Testare tre diverse concentrazioni di anticorpi rivelatori con tre diverse concentrazioni di SBG. Scegli le concentrazioni che danno la massima sensibilità e mantienile per i passaggi futuri. In questo caso, 0,3 microgrammi per millilitro di anticorpo e 150 pica molare SBG hanno il livello ottimale di rilevamento con bassi livelli di fondo con ampiezza media fortuita.

Per ulteriori passaggi di ottimizzazione, consultare il protocollo di testo. Sono previste procedure per ottimizzare la specificità e la riproducibilità del saggio e un test per la competizione proteica. Utilizzando un test ottimizzato per rilevare 13 sottoclassi di interferone-alfa, il plasma e il siero sono stati analizzati in pazienti con LES, pazienti con JDM e controlli sani.

Alti livelli di interferone-alfa sono stati rilevati in entrambe le coorti di malattia. La linea tratteggiata indica il livello di rilevazione di un Eliza convenzionale, disponibile in commercio, che non rileverebbe la proteina interferone-alfa in questi gruppi di pazienti, nonostante il ruolo noto di questa citochina in queste malattie. Dopo aver visto questo video, dovresti avere una buona comprensione di come sviluppare e convalidare un saggio di array di singole molecole per l'analisi che preferisci.
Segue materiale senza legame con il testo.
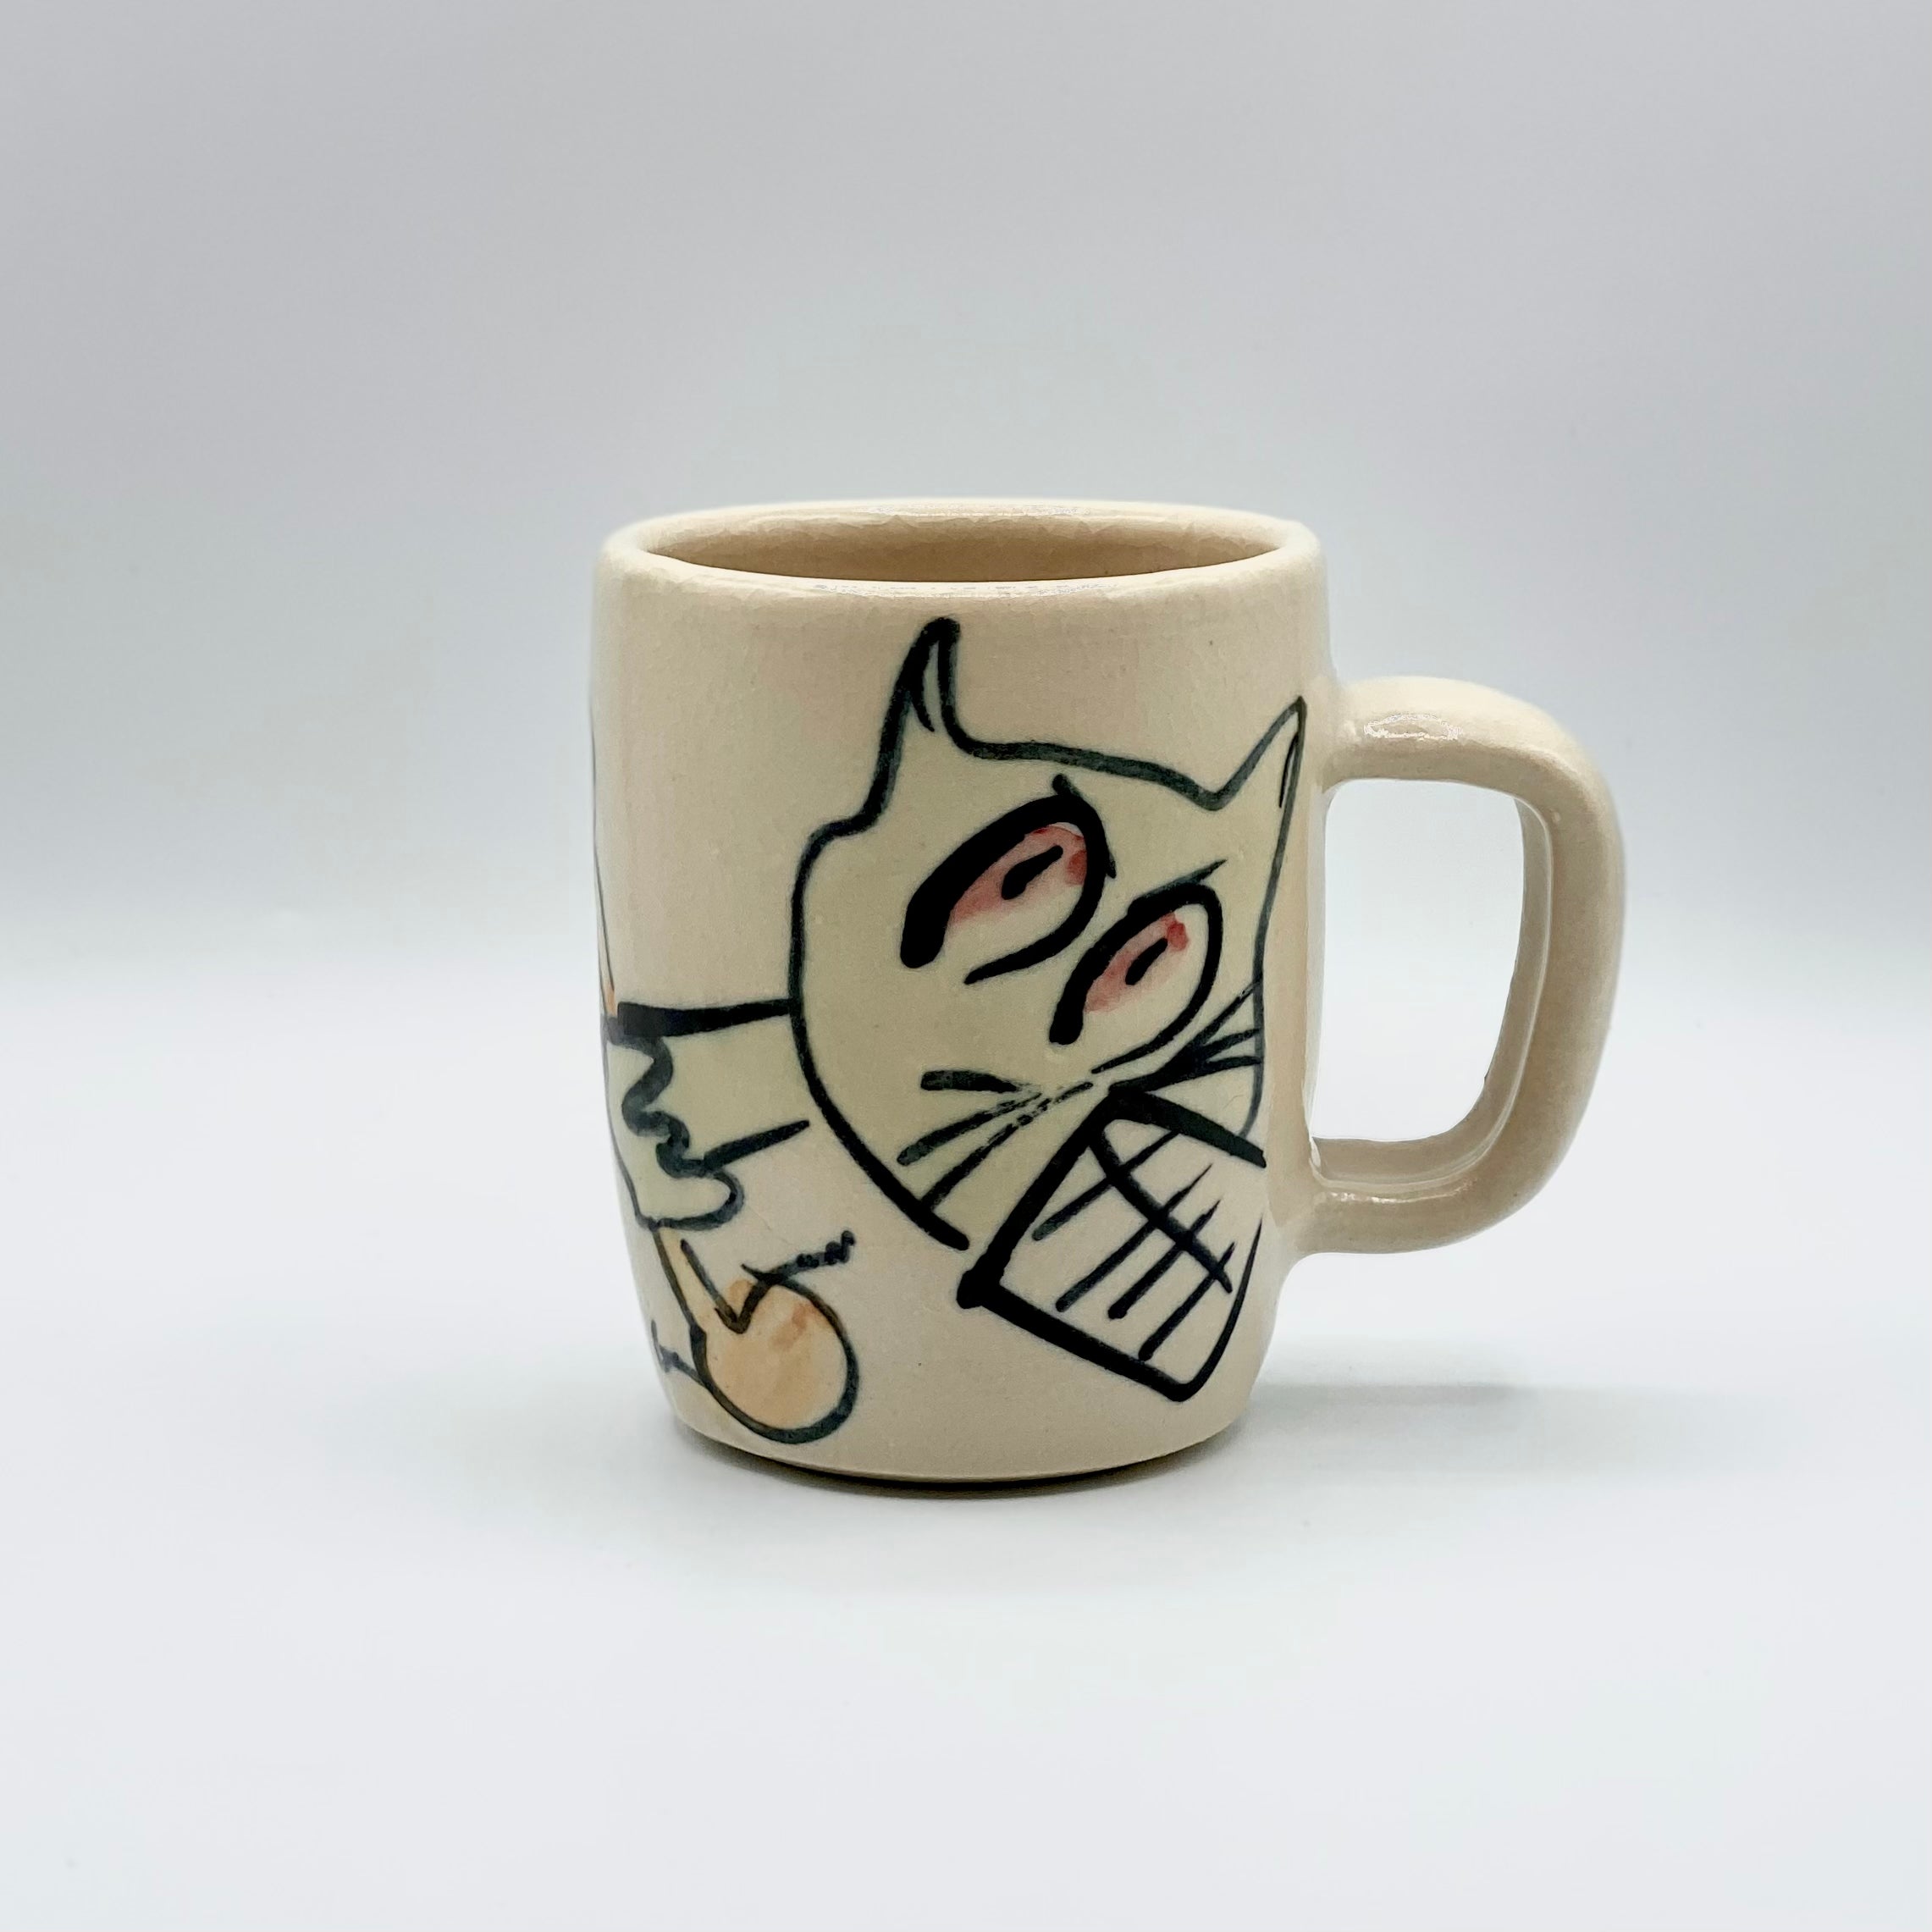 Whimsical Mug by MNO Clay

Durante il tentativo di questa procedura, è importante ricordare che durante la scelta cellulare degli anticorpi è. Sin dal suo sviluppo, questo test ha permesso una migliore caratterizzazione del ruolo dell'interferone-alfa in una varietà di malattie e infezioni autoimmuni. Questo test è servito anche a monitorare le risposte a nuove terapie e a identificare gli attori cellulari responsabili di alcune malattie autoimmuni.